Syrian border police are also aggressively patrolling their side, Reilly said, in contrast with official statements in Washington accusing Damascus of lax control. "The Syrians are actually doing their job. They are more violent than we are. If they see someone, they will open up shooting," Reilly said as he walked along a dirt berm in view of Syrian guards several weeks ago. Iraqi officers said Syrian guards had recently shot at Iraqi border police, leading to skirmishes.

Controls have been tightened at official border-crossing points. At the town of Rabiyah, a 10-wheel cargo truck rumbled past a newly constructed Iraqi customs station toward a Syrian checkpoint marked by a huge portrait of Syria's late president Hafez Assad. A few months ago, the Iraqi entry point here was in disarray, U.S. and Iraqi officials said. Inbound and outbound traffic were mixed together. Iraqi guards had only five rifles, lacked ammunition and "had no idea what passport was fake and what was real," said Col. Fadel Shaaban Abas, commander of Iraqi customs police at Rabiyah.

"It was complete chaos. You had no idea who was coming and going," said Reilly, commander of 1st Squadron, 3rd Armored Cavalry Regiment, which finishes a year-long tour in Iraq this month. A suicide car bombing in late May closed the entry point for two weeks.
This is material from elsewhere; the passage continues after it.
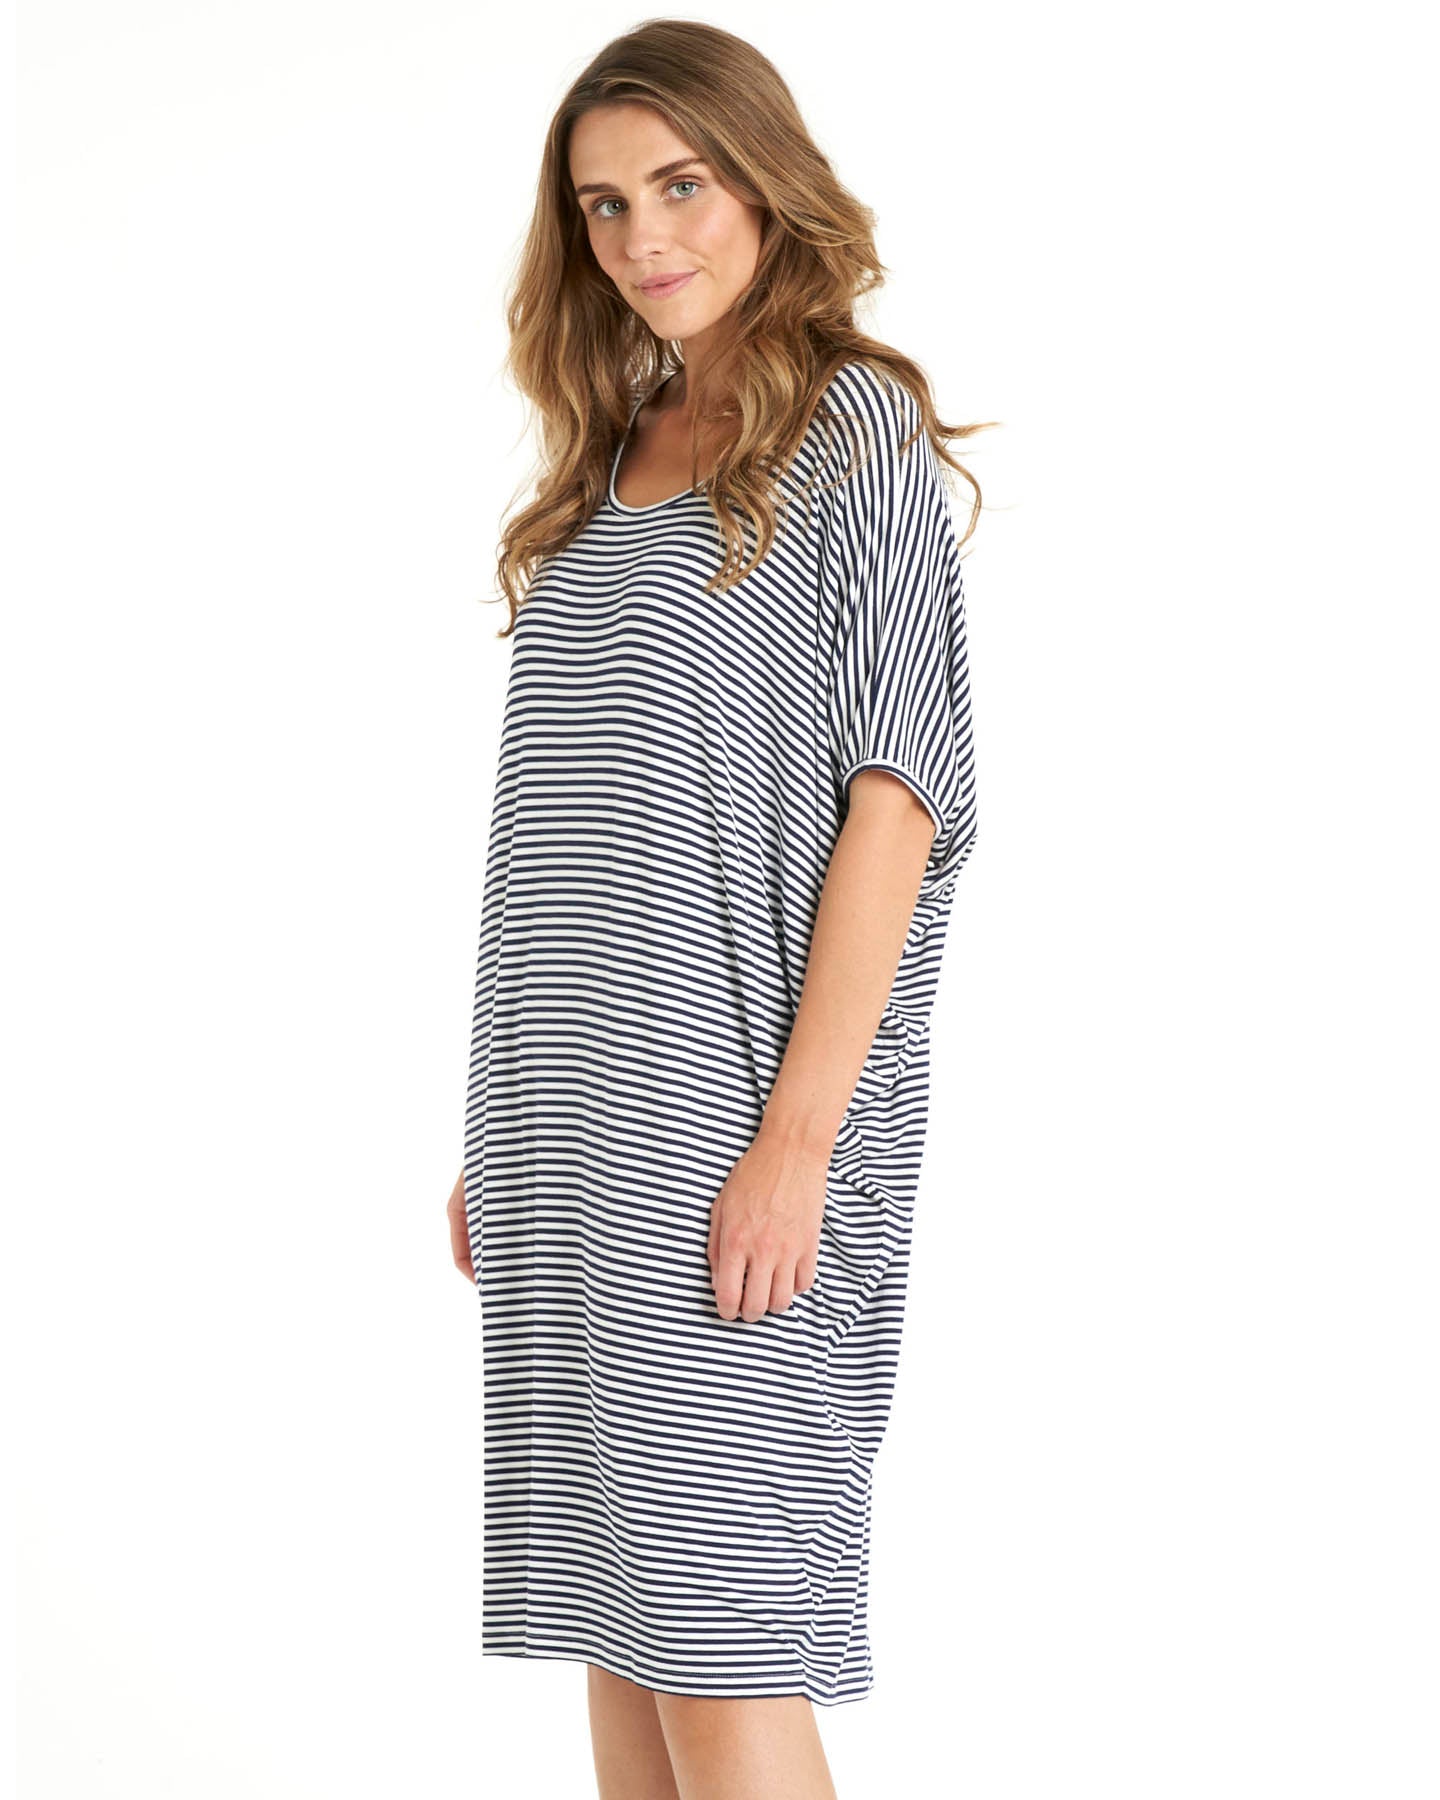 Maui Relaxed Draped Knee-Length T-Shirt Dress - Navy Blue/White Stripe

Today, up to 5,000 people, mostly on foot, and about 300 vehicles cross the border daily through divided lanes. Customs revenue has almost tripled. The 120 Iraqi customs police are armed with AK-47 assault rifles or pistols and are backed up by a new, 260-man police battalion, which arrived in December, Abas said. A U.S. customs team recently trained the police officers to spot false passports, and now they find three or four a day, said Staff Sgt. Robert Lowery of Naples, Fla.